Story Number: NNS080606-13
Release Date: 6/6/2008 1:53:00 PM

By Mass Communication Specialist 2nd Class (SW) Elliott J. Fabrizio, USS John C. Stennis Public Affairs

USS JOHN C. STENNIS, At Sea (NNS) -- USS John C. Stennis (CVN 74) held her first graded mass casualty drill during the Tailored Ship Training Availability (TSTA) period, June 2.

During the drill, some Sailors acted lifeless, some screamed for help, and the others were in shock; Stretcher bearers and medical personnel had to keep a level head as they assisted their "wounded" shipmates.

Afloat Training Group (ATG) Pacific evaluated the exercise to determine how well Stennis' Sailors performed and how well the ship's medical training team conducted the drill.

"It establishes where our training team is at during TSTA phase one and two," said Medical Department leading petty officer Hospital Corpsman 1st Class (SW) Tim Barron.

"As we get closer and closer to the end of TSTA, ATG will help us out and get us to the level of proficiency in our ability to train the crew, so we can carry on preparing the crew for things like real mass casualties," said Barron.

The entire crew must be prepared, since everyone has a role during a mass casualty; with the medical department providing treatment, security containing the situation, and the rest of the ship providing stretcher bearers or avoiding the scene of the emergency.

"By running these drills, we can practice simulated situations, and if such a disaster occurs, we have some experience we can fall back on," said Medical Department physician's assistant Lt. Robert Pillitiere.

The first step during a mass casualty is to sort the wounded by the severity of their condition. The casualties are sorted into four categories as they are removed from the scene and brought to an initial treatment and holding point.

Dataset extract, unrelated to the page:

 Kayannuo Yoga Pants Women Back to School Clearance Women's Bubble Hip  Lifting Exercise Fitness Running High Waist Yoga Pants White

"We have a timeline," said Barron. "We try to get those first ones that actually need surgery down to the operating room in less than 20 minutes."

Stretcher bearers and medical personnel were providing first aid and calming down wounded personnel who were awaiting further attention.

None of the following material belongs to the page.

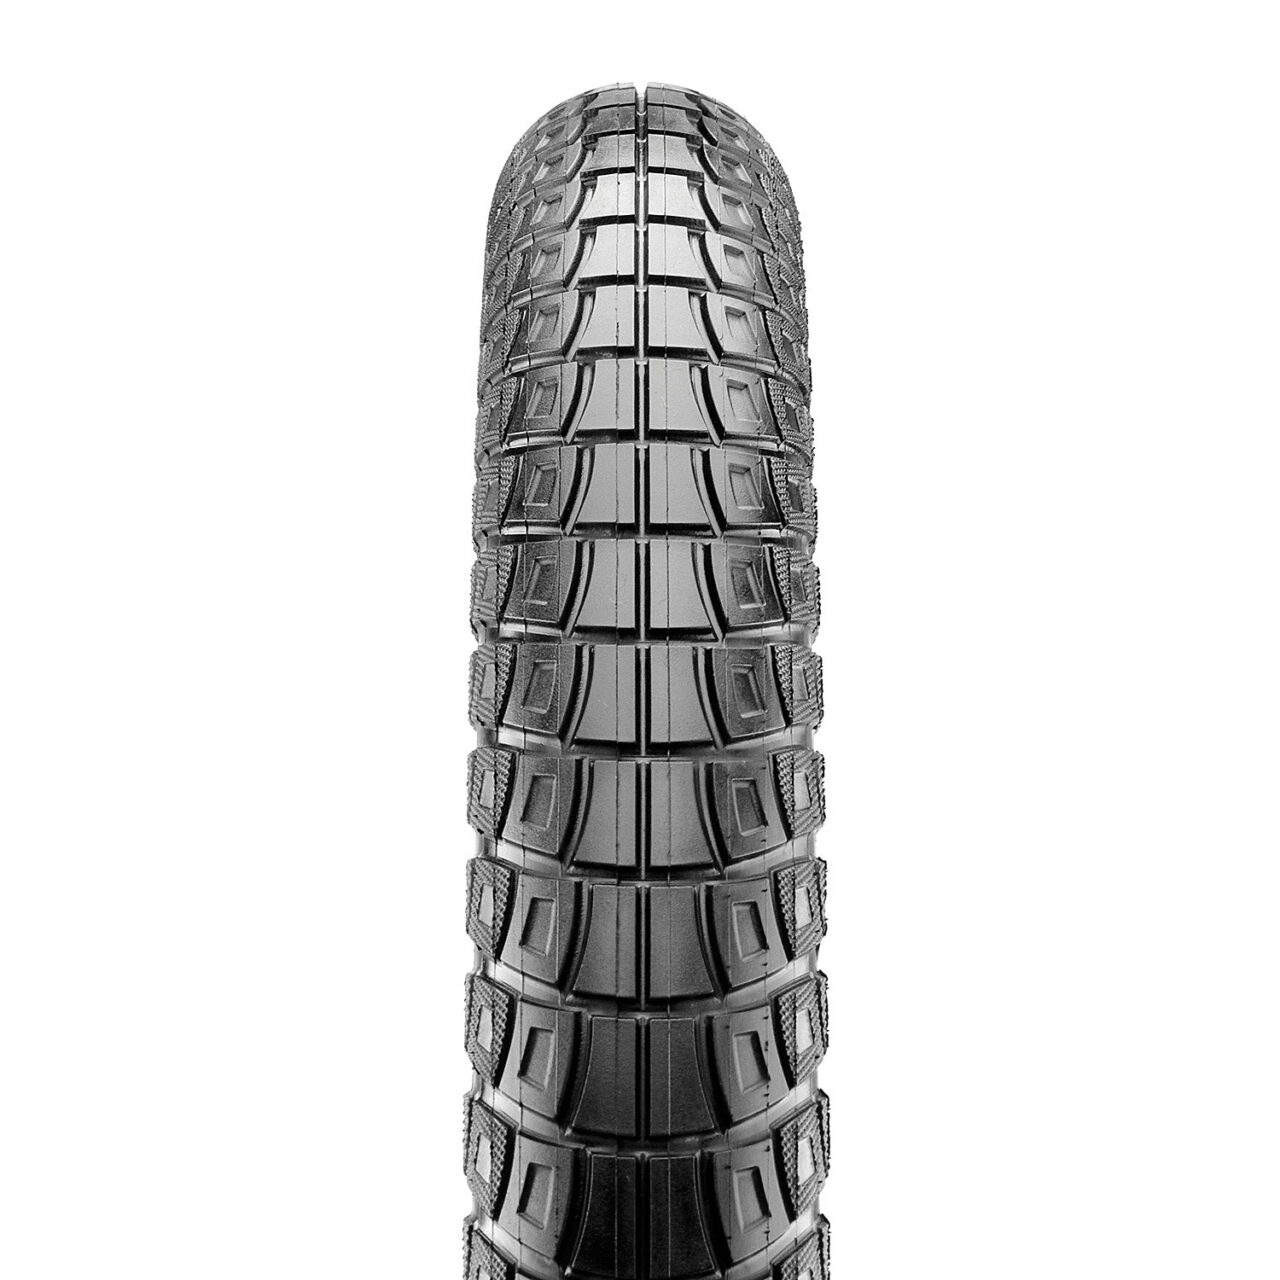 Maxxis Rizer bicycle tire tread

"I had to act as a casualty with protruding intestines," said Midshipman 2nd Class D'Ana Goodfellow. "They came over to me and helped. They were very good at calming me down and making me feel okay."

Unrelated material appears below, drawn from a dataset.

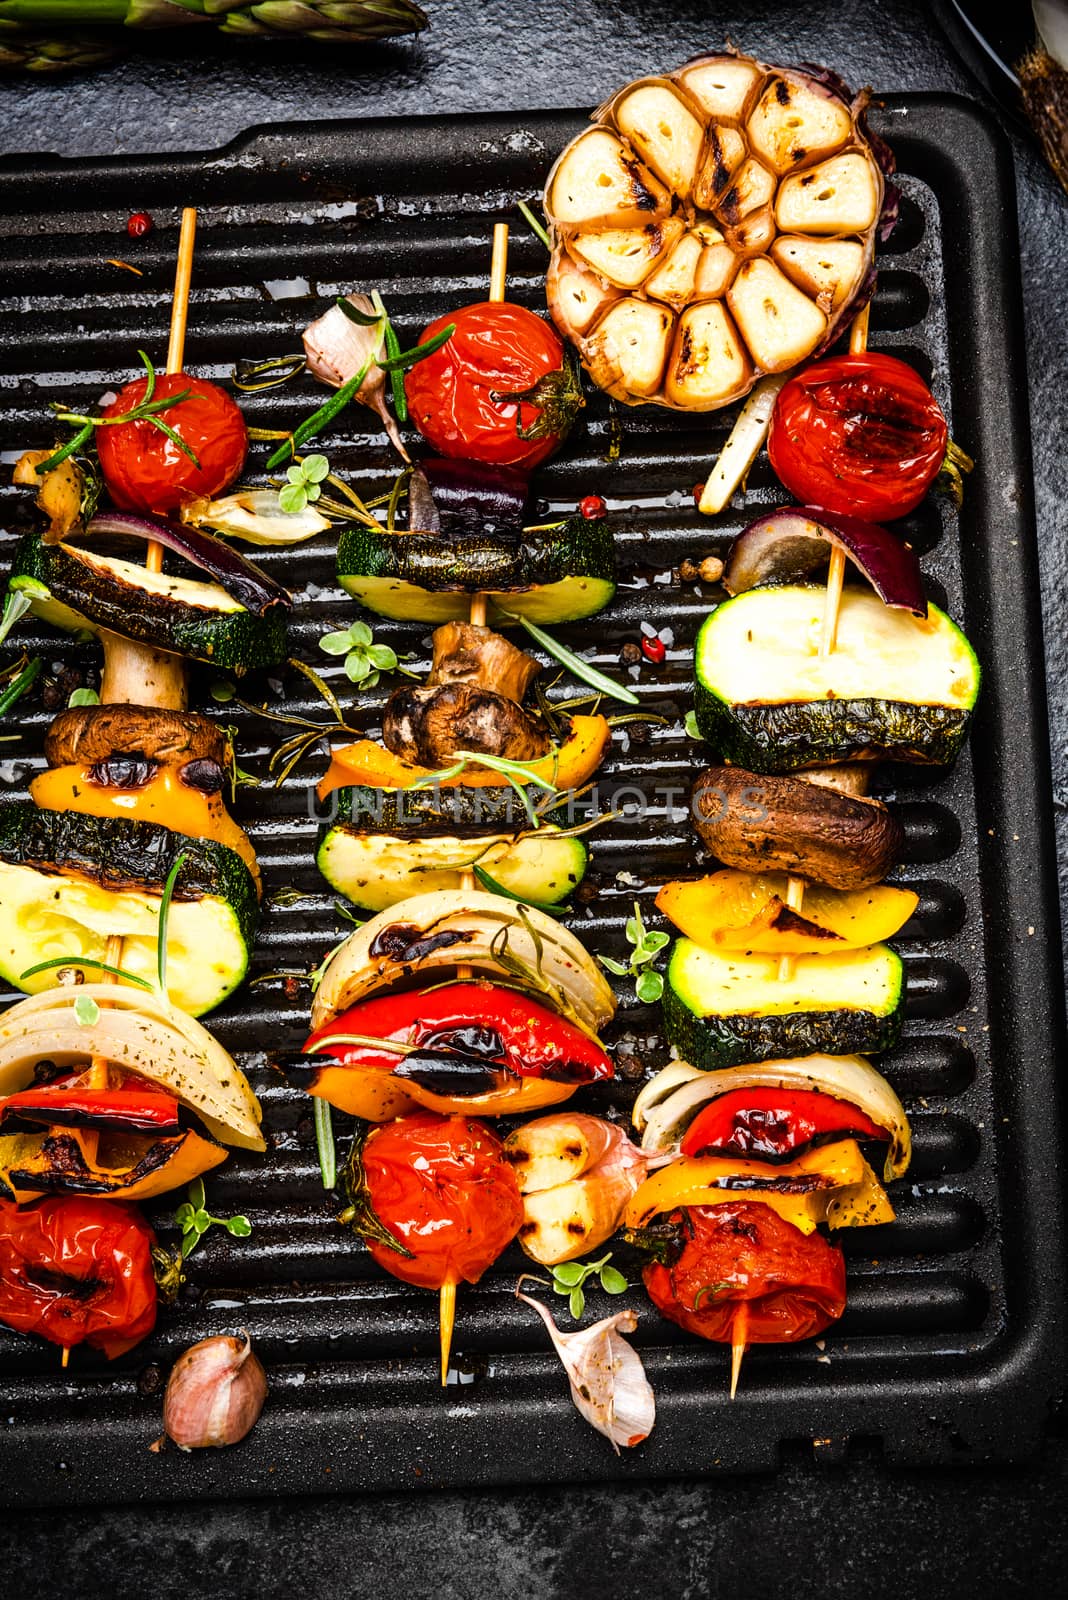 BBQ Grilled Wegetables on Skewers with Fresh Herbs and Spices. Summer Barbecue Food.

Mass casualty drills are developed to improve the crew's ability to move injured personnel from the scene of a casualty to a treatment facility.

"You never know what's going to happen," said Pillitiere. "Life on a carrier is dangerous. Nothing's going to fully prepare us for what you're going to see in an actual disaster, but by practicing and going through the motions, you can become familiar with what needs to be done and in what order."

During TSTA, medical will have at least three mass casualty drills assessed by ATG, as well as several medical response team drills and battle dressing station inspections.

"That's how we improve," said Barron. "We go through and find out what we need to correct, so we can be ready when the real thing goes down."

Ensuring Stennis' crew can effectively respond to any crisis helps the ship remain operational in a wartime environment, fulfilling the needs of America's Maritime Strategy.